In July 2013, the FSB published its initial list of nine G-SIIs. The G-SII list is intended to be updated annually following consultation with the IAIS and national supervisory authorities, and the FSB published such a list in November 2014, 2015 and 2016. However, the FSB announced in November 2017 that, in consultation with the IAIS and national authorities, it had decided not to publish a new list of G-SIIs for 2017 in light of the IAIS’s development of the ABA and its implications for the assessment of systemic risk in insurance. In a public consultation issued in November 2018 on a proposed holistic framework for the assessment and mitigation of potential systemic risk in the insurance sector, including implementation of an ABA, the IAIS noted that, in its view, the implementation of the holistic framework would obviate the need for the FSB’s annual G-SII identification process. The FSB subsequently announced that, in light of IAIS progress in developing its proposed holistic framework, it has decided not to engage in an identification of G-SIIs in 2018, and that it will assess the IAIS’s recommendation to suspend G-SII identification from 2020, once the holistic framework is finalised in November 2019. In November 2022, based on the initial years of implementation of the holistic framework, the FSB will review the need to either discontinue or re-establish an annual identification of G-SIIs. In light of these changes and the potential elimination of G-SII designations going forward, it remains unclear whether or in what manner (including through potential integration into ComFrame) the G-SII policy measures summarised below will be implemented, if at all, by national authorities.
The G-SII policy measures promulgated by the IAIS in 2013 and endorsed by the FSB include:
- enhanced group-wide supervision, with group-wide supervisors to have direct powers over holding companies and the power to impose restrictions and prohibitions on certain activities;
- enhanced capital standards, including basic capital requirements (BCR) and higher loss absorption capacity requirements (HLA), which apply to all group activities, including those of non-insurance subsidiaries; the BCR is intended to serve as the initial foundation for the application of HLA requirements, although the IAIS envisages that the ICS will eventually replace the BCR as the foundation for HLA requirements;
- systemic risk management plans: group-wide supervisors are to oversee the development by G-SIIs of plans for managing, mitigating and possibly reducing systemic risk;
- enhanced liquidity planning and management: group-wide supervisors are to require a regular gap analysis of liquidity risks and adequacy of available liquidity resources under normal and stressed conditions; and
- effective resolution regimes: the FSB has developed a document entitled the ‘Key Attributes of Effective Resolution for Financial Institutions’ (the Key Attributes), which sets forth the key features of resolution regimes that should be applied across jurisdictions to systemically significant financial institutions; the IAIS has developed an annex to this document that outlines the key attributes that are intended to apply to the resolution of G-SIIs.
Under the insurance-sector specific elements of the Key Attributes, G-SIIs will be expected to develop and prepare recovery and resolution plans to be submitted to their group-wide supervisors on an annual basis.
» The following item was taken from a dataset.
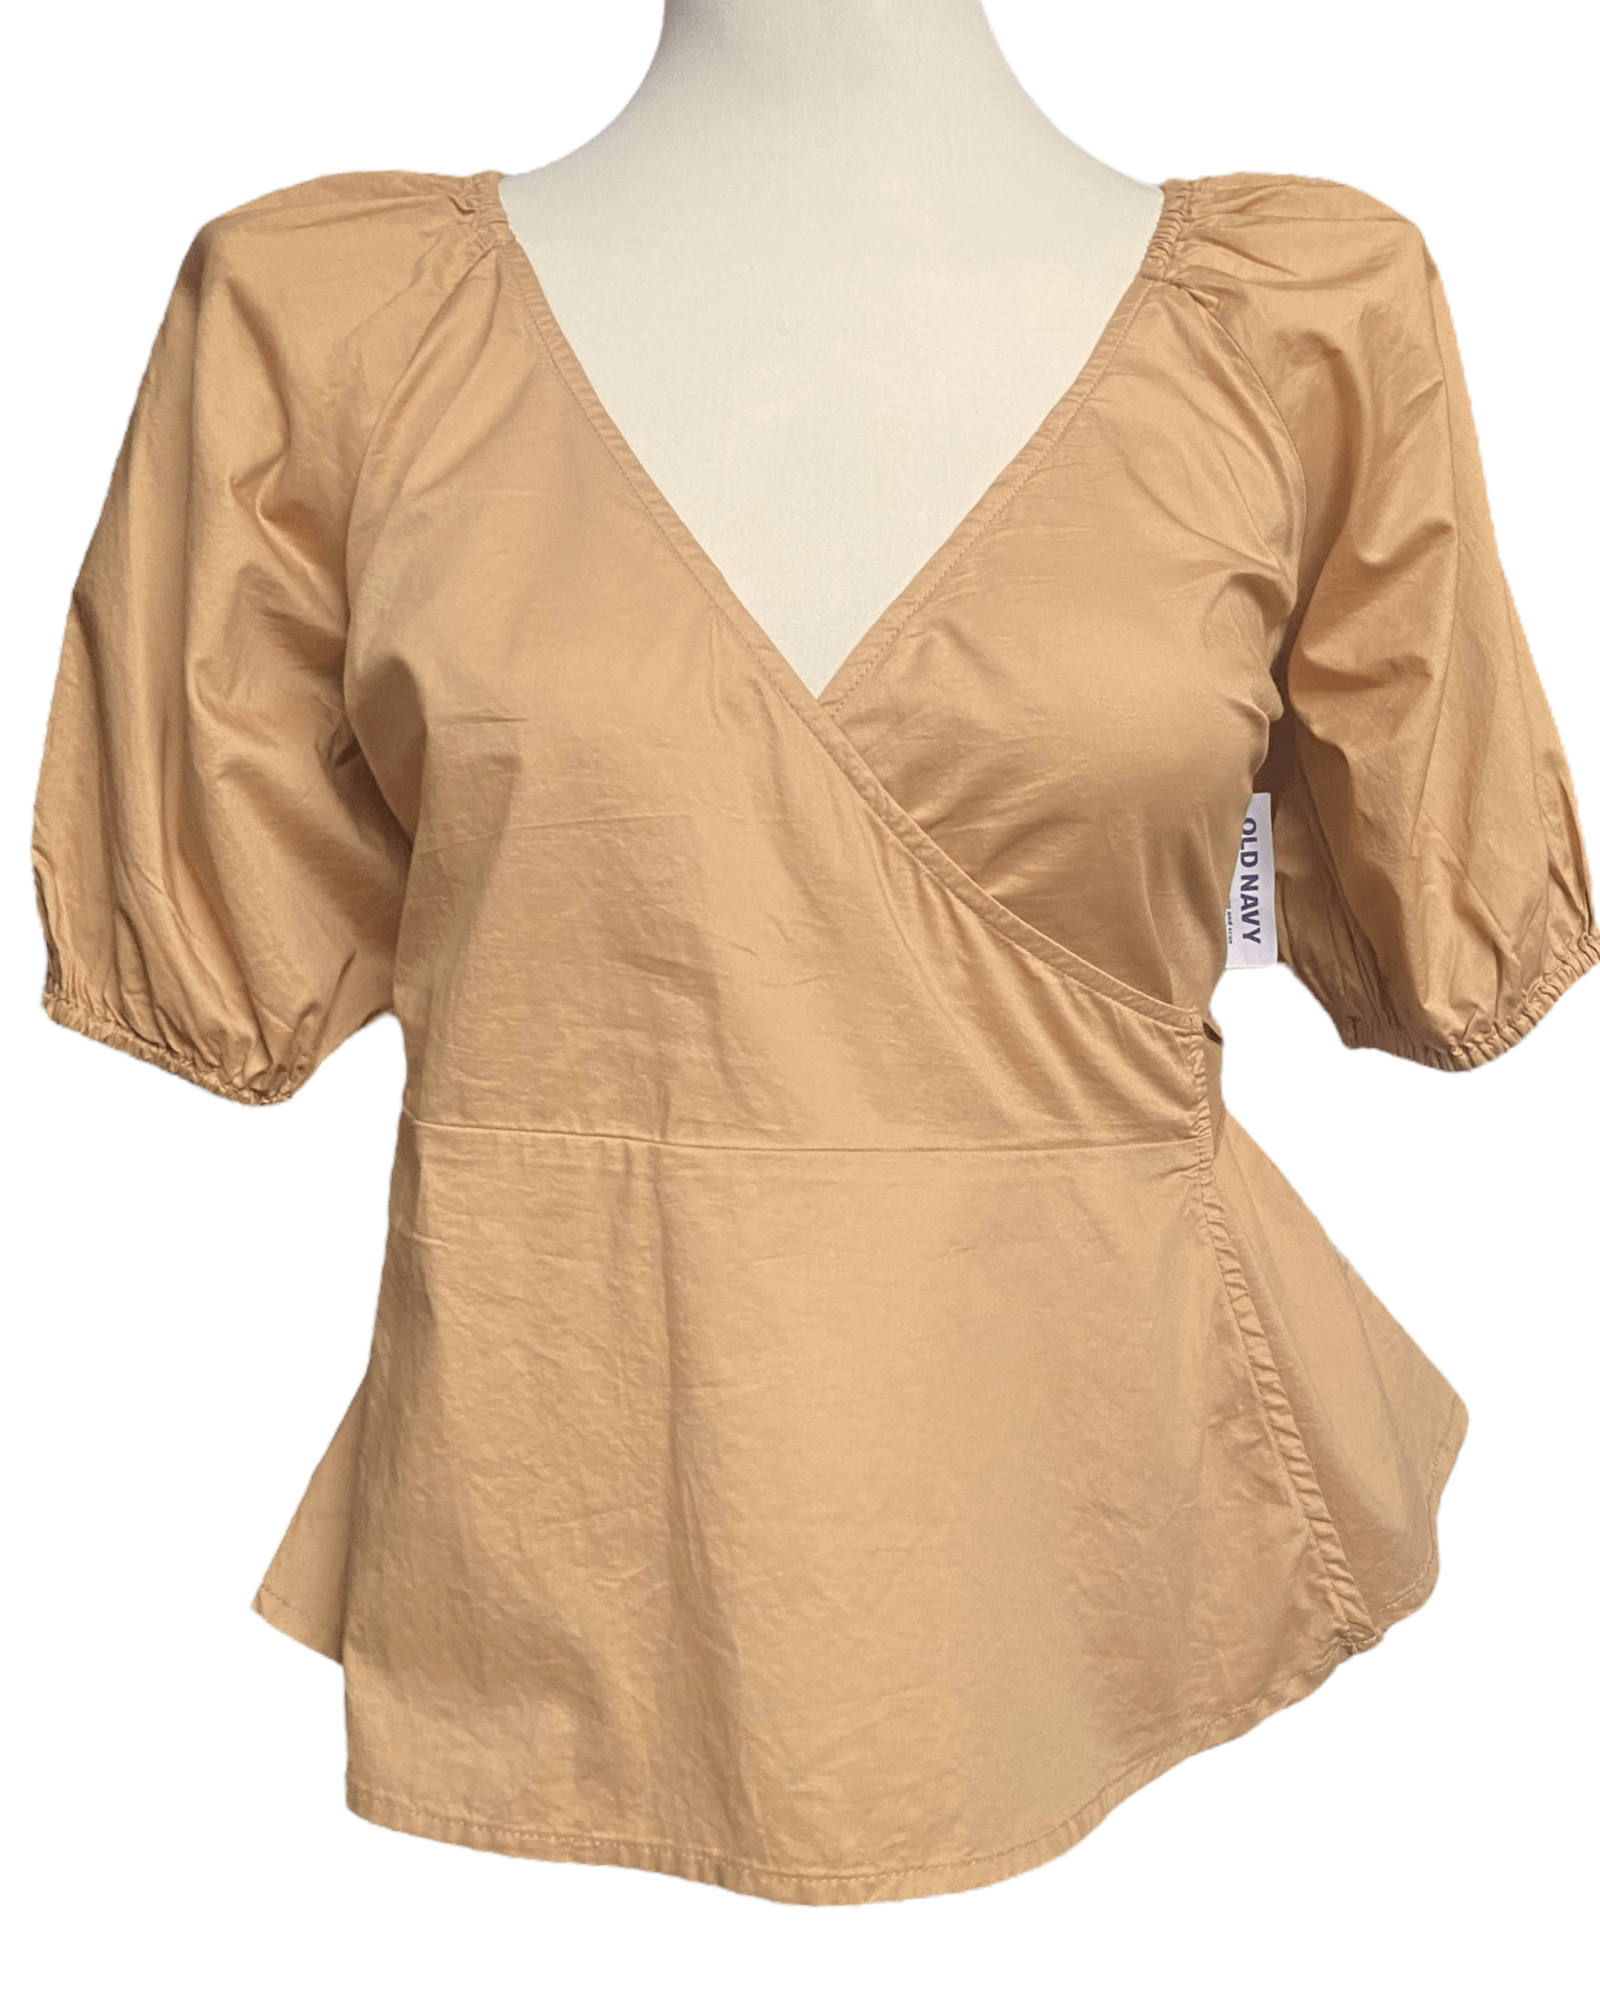 Warm Spring OLD NAVY caramel brown puff sleeve wrap top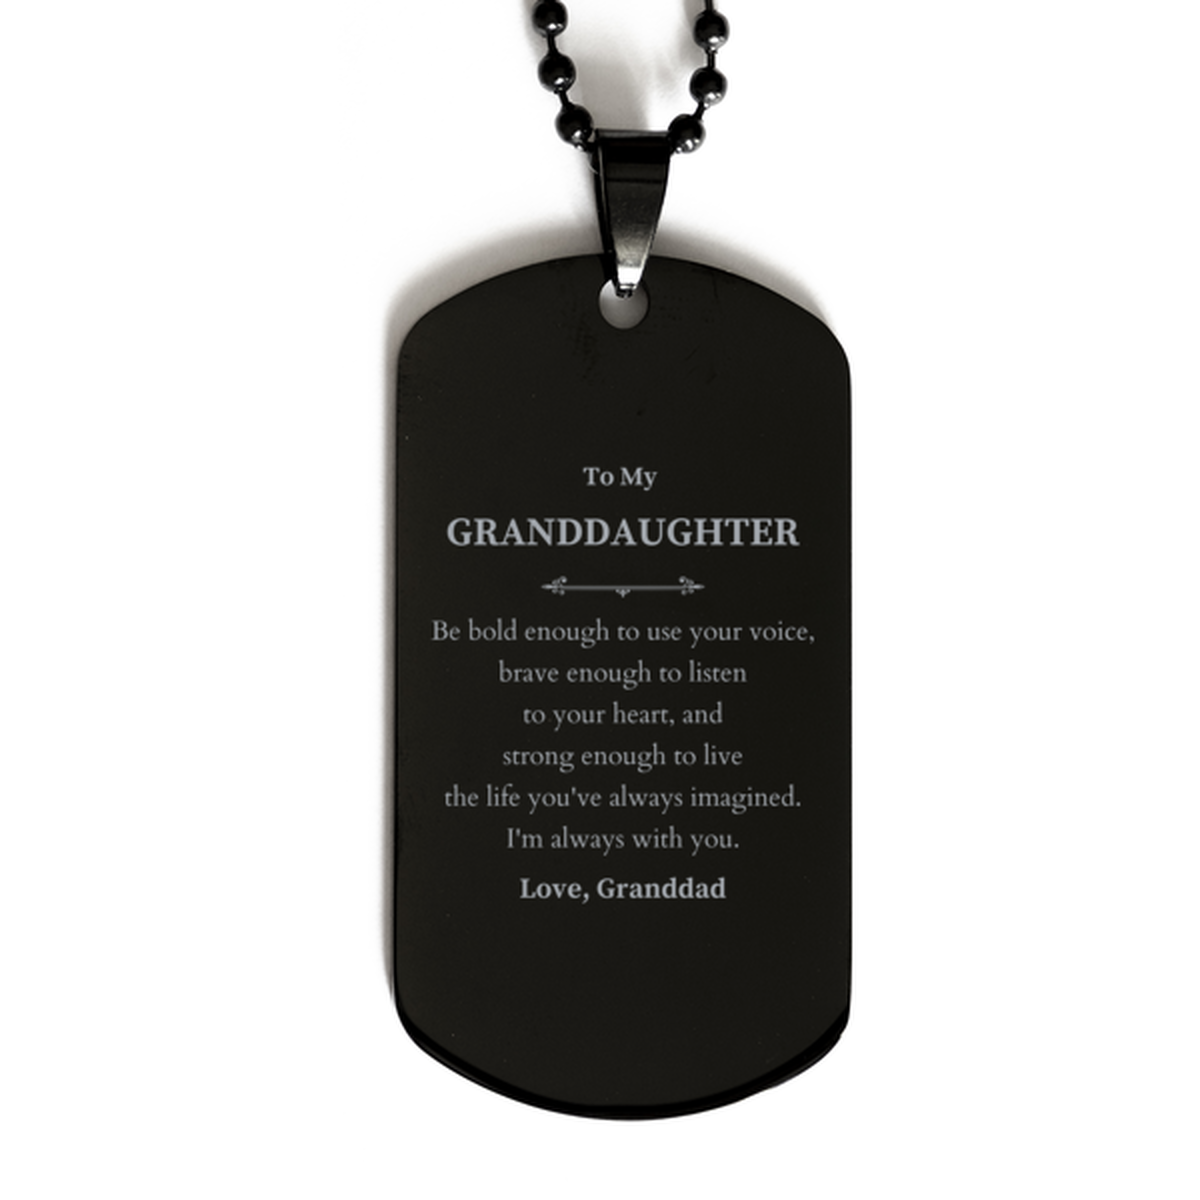 Keepsake Granddaughter Black Dog Tag Gift Idea Graduation Christmas Birthday Granddaughter from Granddad, Granddaughter Be bold enough to use your voice, brave enough to listen to your heart. Love, Granddad

In addition, ‘crisis management groups’ are expected to be established, which will include the relevant supervisory authorities, central banks, resolution authorities, finance ministries and guarantee fund authorities of each G-SII, as a forum for relevant regulators to discuss enhancing preparedness for the potential failure of the G-SII. Moreover, resolvability assessments are to be conducted by the home authority and crisis management group of each G-SII to assess the feasibility of the G-SII’s resolution strategies. Finally, institution-specific cross-border cooperation agreements are to be developed and entered into among the G-SII’s relevant resolution authorities.
Solvency II is a European Union directive (enacted in 2009) that is intended to codify and harmonise EU insurance regulation. Solvency II became effective, and its full implementation began, in January 2016. Solvency II is based on three pillars of enhanced regulation:
- pillar 1 addresses quantitative measures to ensure insurance firms are adequately capitalised with risk-based capital, including requirements relating to technical provisions (ie, reserves), and solvency capital and minimum capital requirements;
- pillar 2 addresses qualitative measures, governance, risk management and supervisory interaction, including a requirement that firms conduct an own risk and solvency assessment (ORSA); and
- pillar 3 covers enhanced supervisory reporting and public disclosure requirements.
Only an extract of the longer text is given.